GIVEN DATA below:
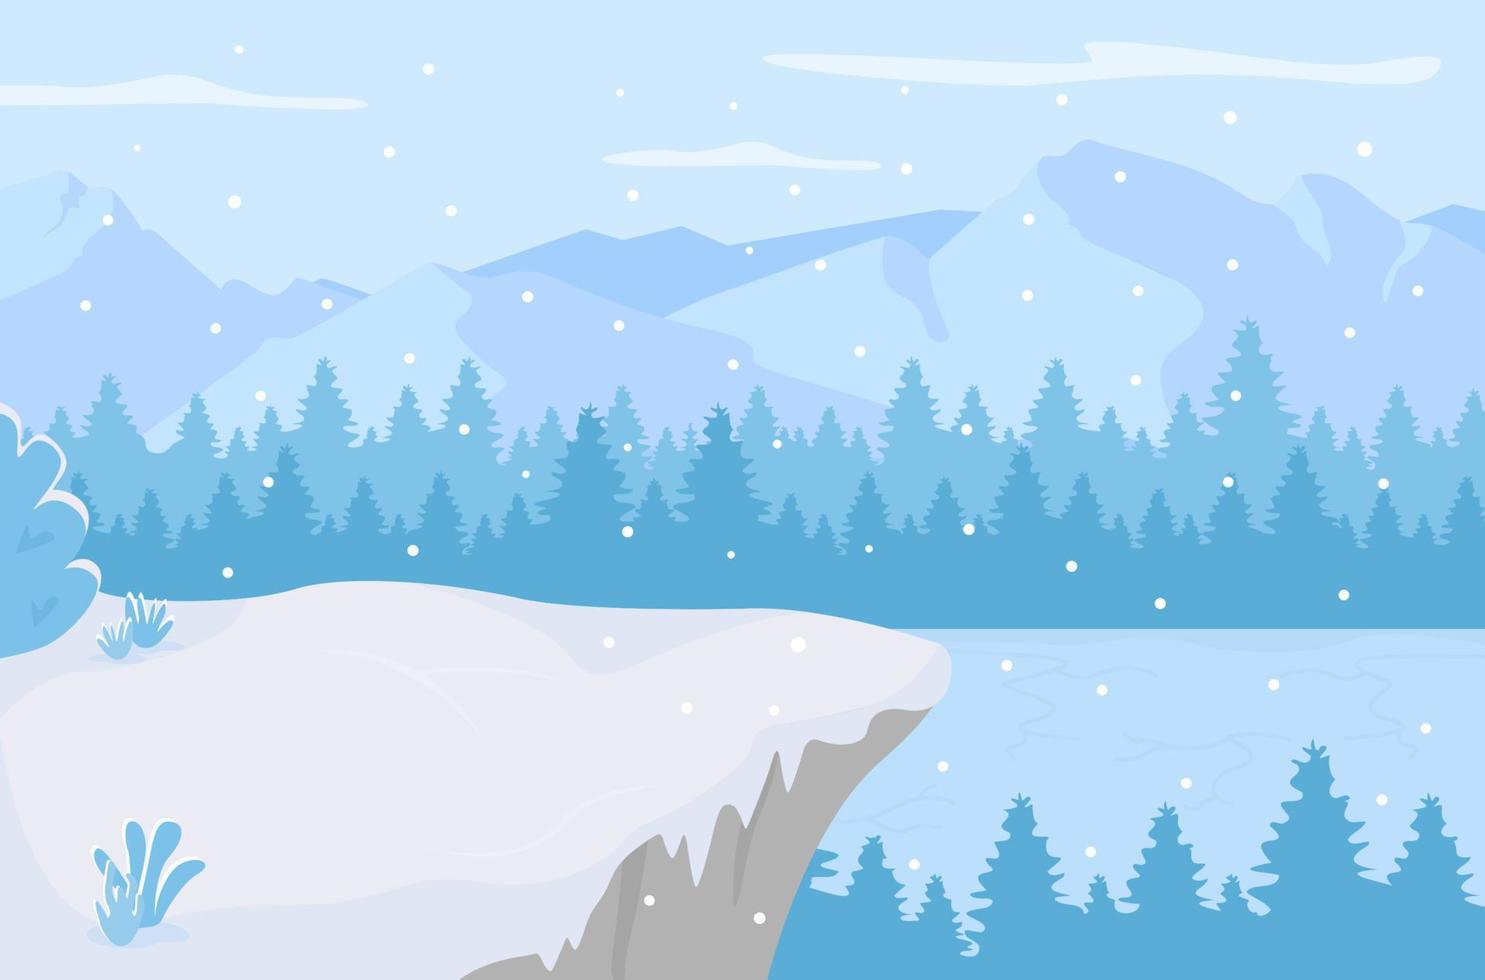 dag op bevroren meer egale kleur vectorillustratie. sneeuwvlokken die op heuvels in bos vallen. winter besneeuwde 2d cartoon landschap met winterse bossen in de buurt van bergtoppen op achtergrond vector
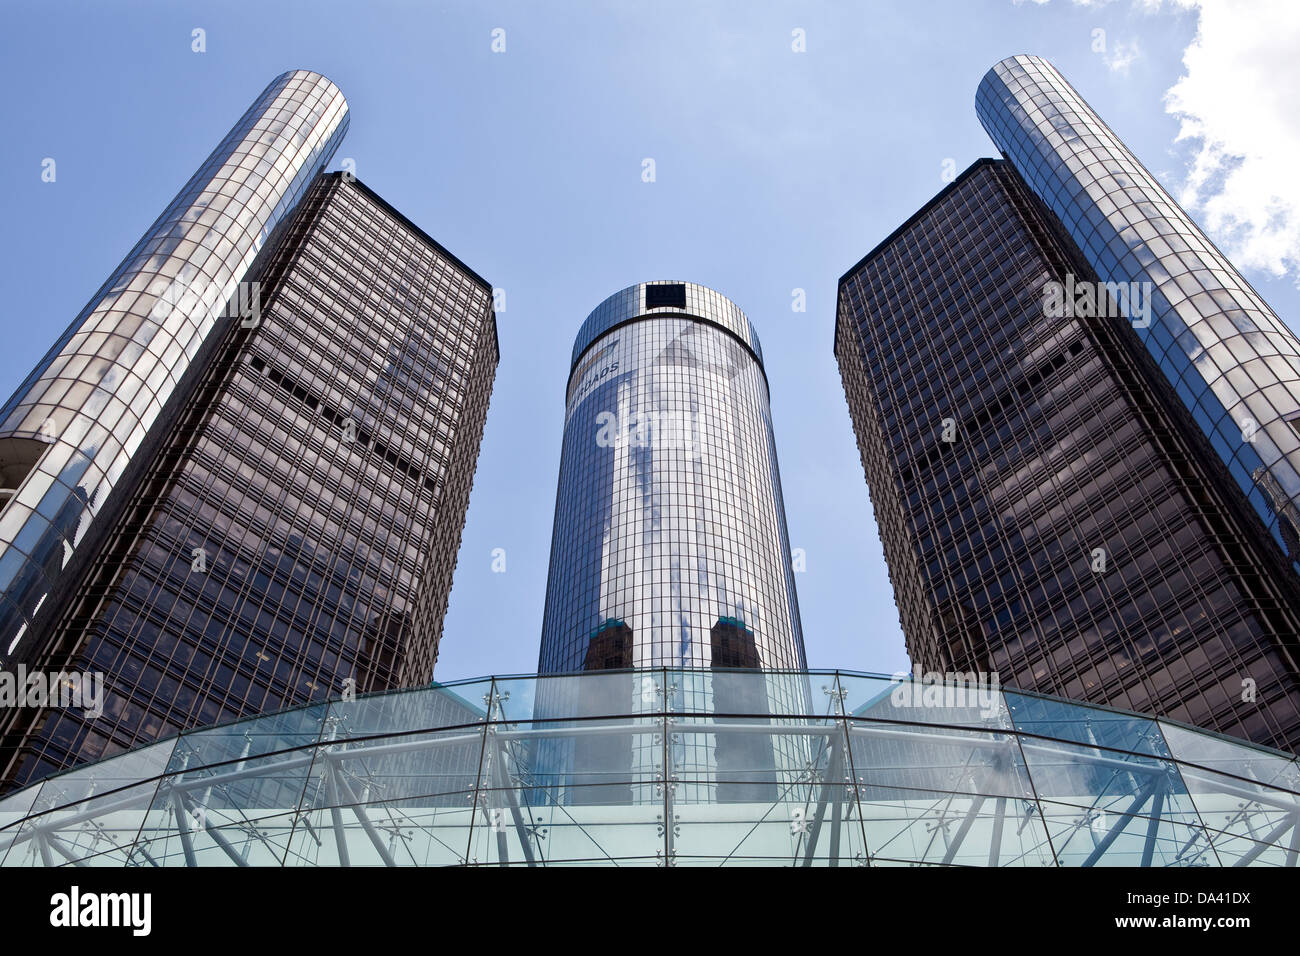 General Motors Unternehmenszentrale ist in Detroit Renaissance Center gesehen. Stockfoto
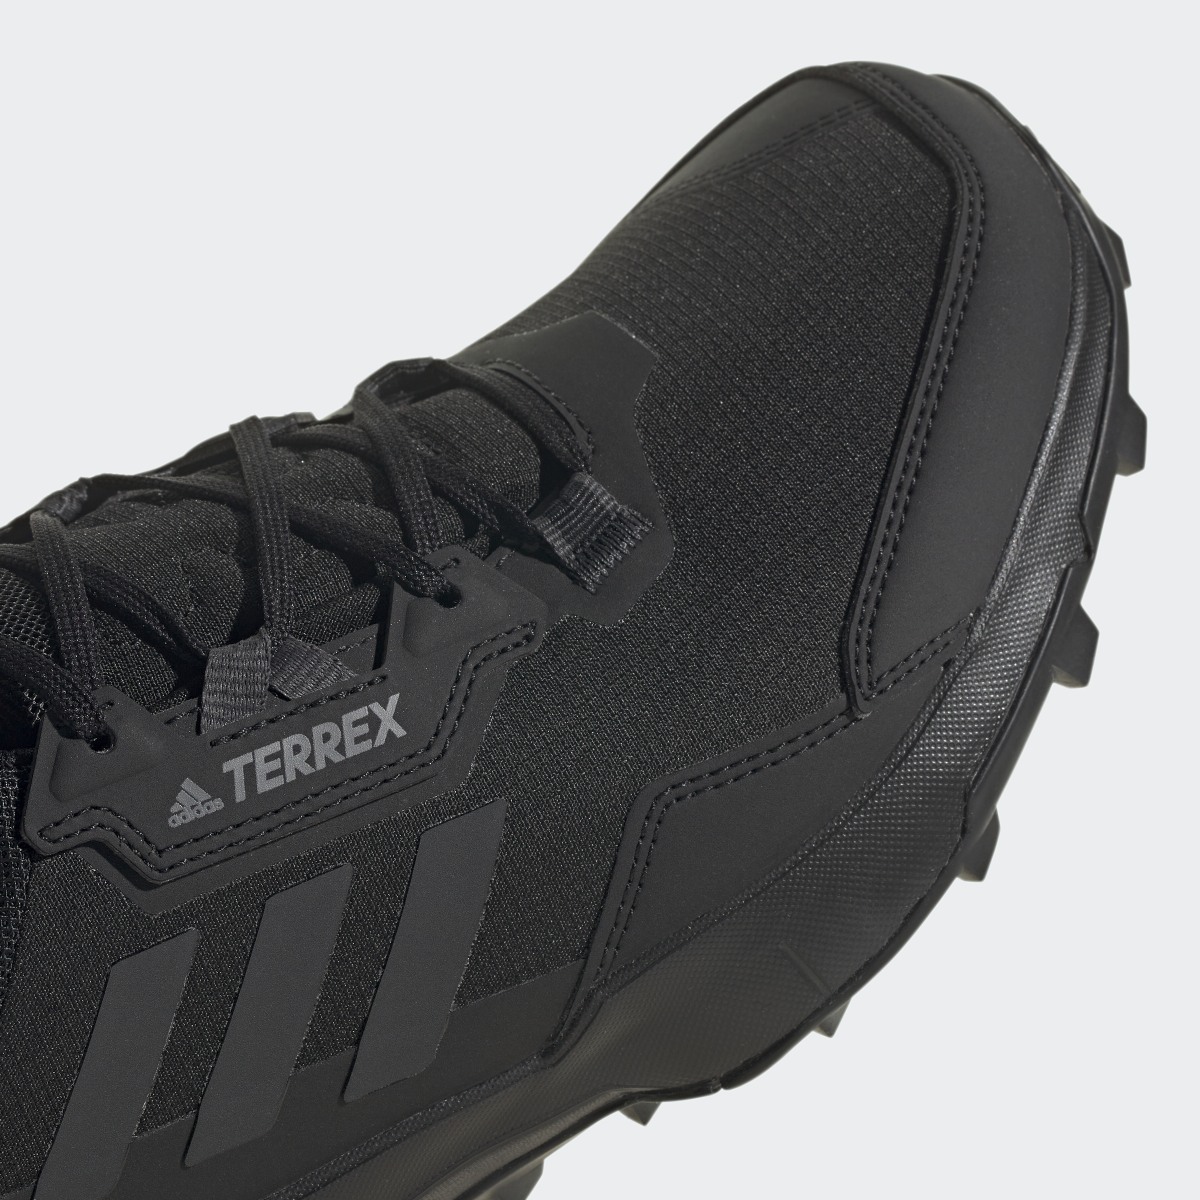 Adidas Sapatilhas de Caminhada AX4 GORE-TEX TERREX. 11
End of GIVEN DATA.
GIVEN DATA below:
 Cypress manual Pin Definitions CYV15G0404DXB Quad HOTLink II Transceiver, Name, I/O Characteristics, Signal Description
End of GIVEN DATA.
GIVEN DATA below:
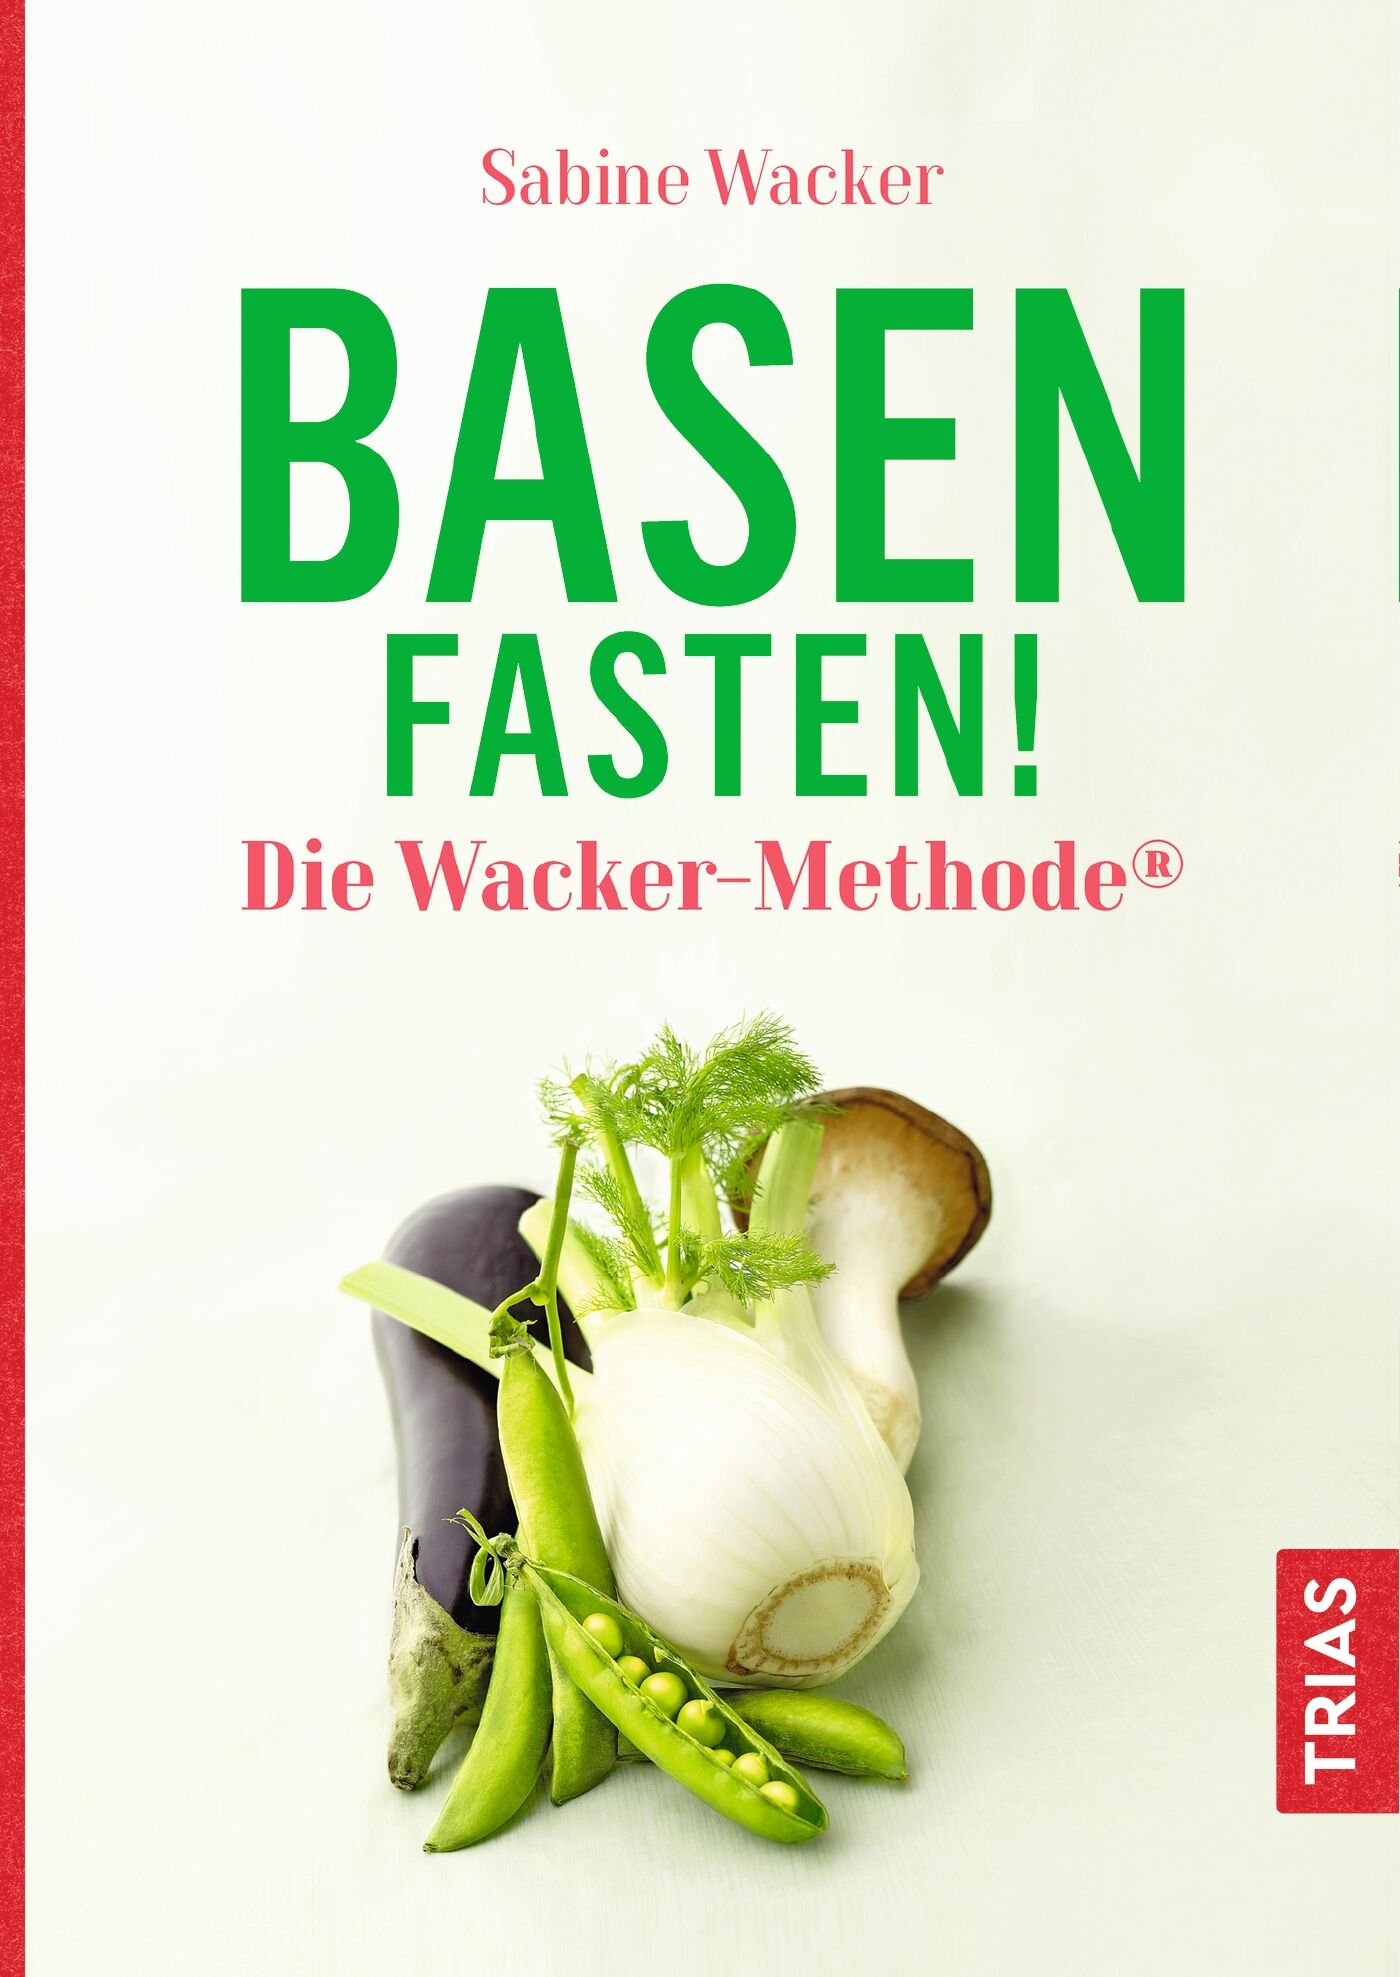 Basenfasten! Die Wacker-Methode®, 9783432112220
End of GIVEN DATA.
- REQUIRED ACTION -
Print the part of the listing above that opens with the line containing "General Motors Unternehmenszentrale" and closes with the line containing "Adidas Sapatilhas de". Copy it exactly, both ends included, and omit the pictures.

- SOLUTION TO THE EXERCISE -
 General Motors Unternehmenszentrale ist in Detroit Renaissance Center gesehen. Stockfoto
 Adidas Sapatilhas de Caminhada AX4 GORE-TEX TERREX. 11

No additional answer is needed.